Abstract. Accurate Rayleigh scattering and absorption cross sections of atmospheric
gases are essential for understanding the propagation of electromagnetic
radiation in planetary atmospheres. Accurate extinction cross sections are
also essential for calibrating high-finesse optical cavities and
differential optical absorption spectroscopy and for accurate remote
sensing. In this study, we measured the scattering and absorption cross
sections of carbon dioxide, nitrous oxide, sulfur hexafluoride, oxygen, and
methane in the continuous wavelength range of 307–725 nm using broadband
cavity-enhanced spectroscopy (BBCES). The experimentally derived Rayleigh
scattering cross sections for CO2, N2O, SF6, O2, and
CH4 agree with refractive index-based calculations, with a difference
of (0.4 ± 1.2) %, (−0.6 ± 1.1) %, (0.9 ± 1.4) %,
(2.8 ± 1.2) %, and (0.9 ± 2.2) %, respectively. The
O2–O2 collision-induced absorption and absorption by methane are
obtained with high precision at the 0.8 nm resolution of our BBCES
instrument in the 307–725 nm wavelength range.
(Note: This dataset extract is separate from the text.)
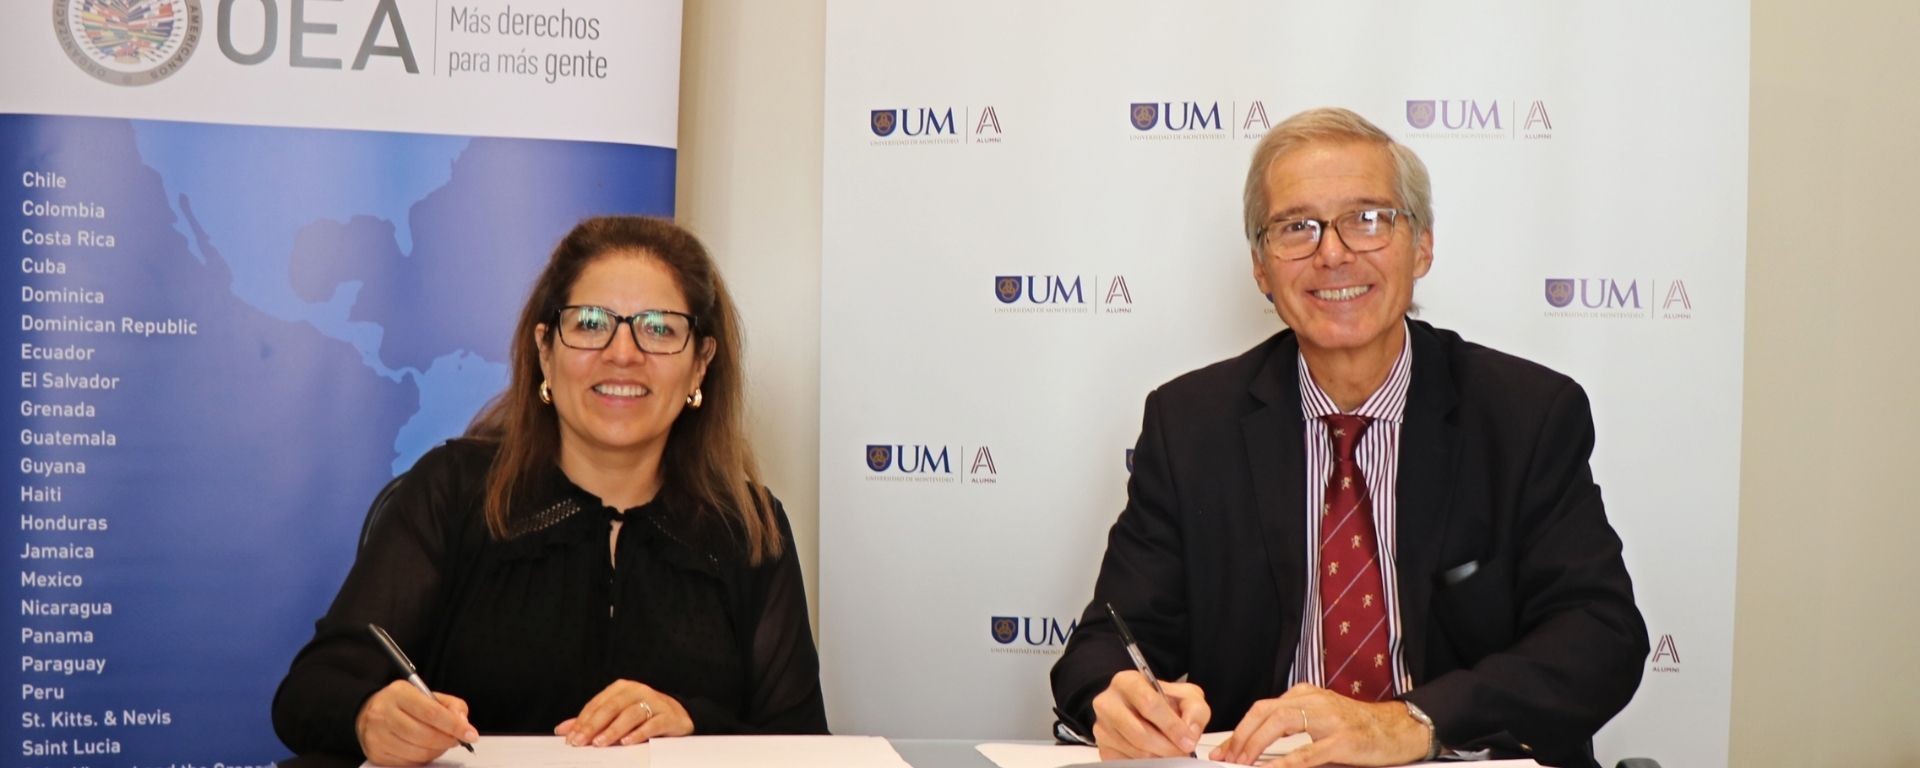 La UM y la OEA firmaron un acuerdo de cooperación , Barrientos y Gutiérrez Carrau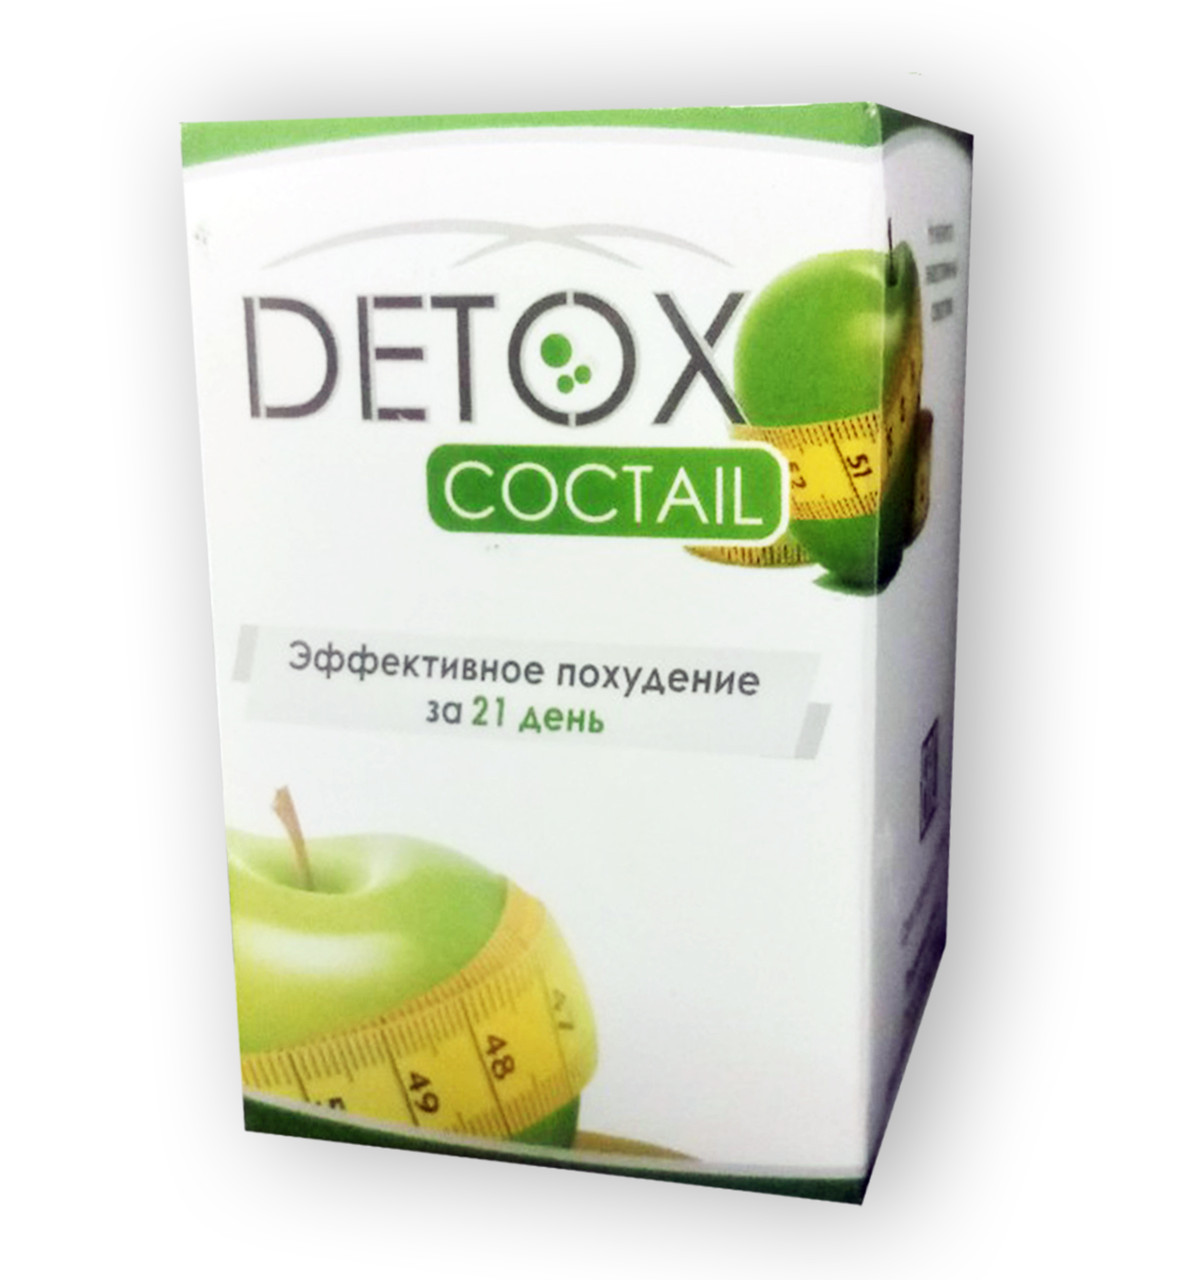 

Detox Cocktail - Коктейль для похудения и очищения организма (Детокс Коктейль)

New dispersion relations for
N2O, SF6, and CH4 were derived using data in the UV–vis
wavelength range. This study provides dispersion relations for refractive
indices, n-based Rayleigh scattering cross sections, and absorption cross
sections based on more continuous and more extended wavelength ranges than
available in the current literature.